One Plus One Doesn’t Always Equal Two

At some point in your writing career, you may have entertained the thought of collaborating with someone on a book or other writing project. Collaboration can take two forms—working with  another writer or working with someone who’s an expert in a particular subject area.

Writers, agents, and editors all feel strongly one way or the other about collaboration, depending on whether their own experiences with collaborators have been positive or negative.  Rule Number One: Consider what may lie ahead before you get involved.

If you collaborate with a friend, you can ruin your friendship. Or it can be the stimulating experience that keeps both of you working at top form. Looking at collaboration from a strictly business point of view, there are advantages—pooling resources, contacts, and efforts. However, you’ll also need to share the proceeds whether they’re good or bad. 

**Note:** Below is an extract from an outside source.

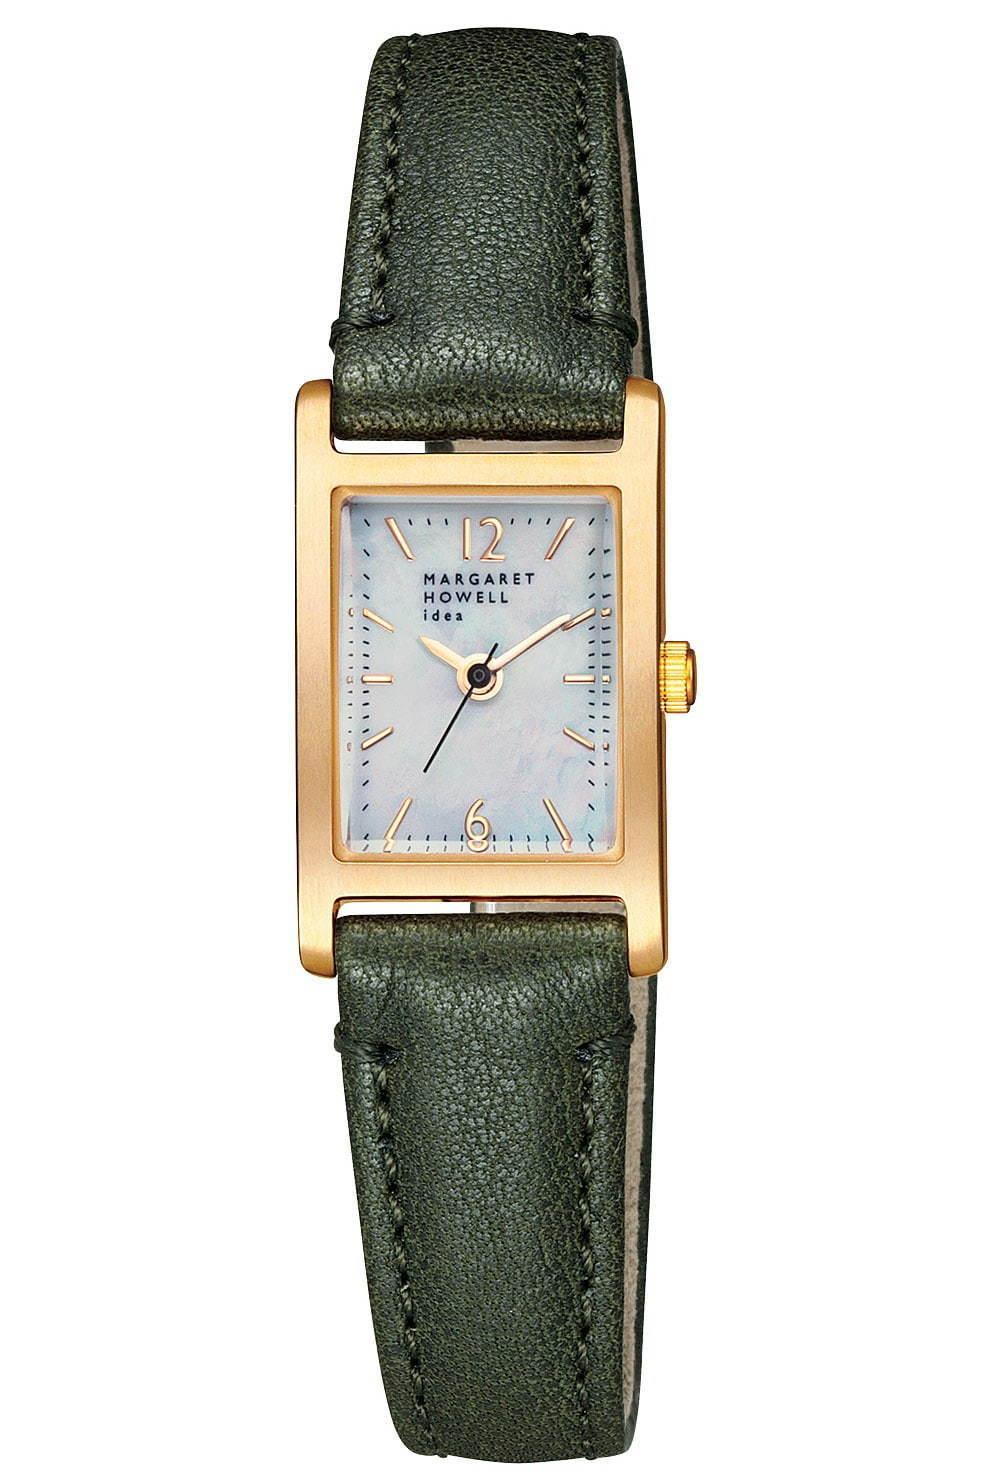 マーガレット・ハウエル アイデアの新作腕時計、25周年記念で初期モデルのデザインを復刻 コピー

Before starting work on a collaboration project, draw up a contract specifying who will do what kind of work, how moneys are to be divided, and so on. You’ll both need to think out this agreement thoroughly. After all, it will be a legally binding agreement. If it’s for the long term, you should discuss it with your accountant, lawyer, or agent to help iron out any negative parts prior to signing. Be sure to include a buy-out or phase-out clause in case you or your partner have a change of heart.

A collaborative writing effort means two people agree before-hand what kind of contribution each will make to a given work. The problems aren't the same as those involved in ghostwriting for a non-writer—a scientist, a doctor, or any other professional—who wants to have his or her thoughts or discoveries published. But problems will crop up, even though the neither of you has have no inherent disagreement. Each is bound to react differently, for instance, to what an agent or editor or publisher says about a book, for instance—how it looks, what sort of publicity it gets, and so forth.

In most cases, a writer works individually on a piece, thus deciding what should or shouldn’t be included. In a collaboration, each partner will want his or her own say. And each will have more expertise in one job or another.

One, for example, may be better at research and writing the first draft while the other is better at editing, asking for clarification or amplification where needed, making suggestions, cleaning up the language. With two pairs of eyes looking over the manuscript, it should be in much better shape when you finally send it off to a publisher than if just one of you worked on it.

In this type of working arrangement, the second partner, the one not involved with writing the text first, approaches the manuscript cold, and will see and comprehend it as a reader would. If parts are confusing or there are voids, this partner will find them. Also, working with someone else, especially another writer, will force you and your partner to work to higher standards.

A different set of problems may arise when working with an expert in a given field. While the expert may know his or her subject matter, they may not be able to relay it clearly to the reader. As a writer, you’ll be in the best position to accomplish this. However, the expert partner may think they know how to write, based on the academic writing they learned in school. This can and often does create conflicts in writing style. Let’s face it, the style of writing you work with as a professional writer is often very different than what’s used by academics. You won’t be producing a thesis, but your partner may approach the project as if you are.

Before you make any final decision about collaborating, be certain you've evaluated your own most important needs. If your analysis shows that two heads are better than one, go for it. But if your intuition tells you that you may run into more problems than collaboration is worth, back off.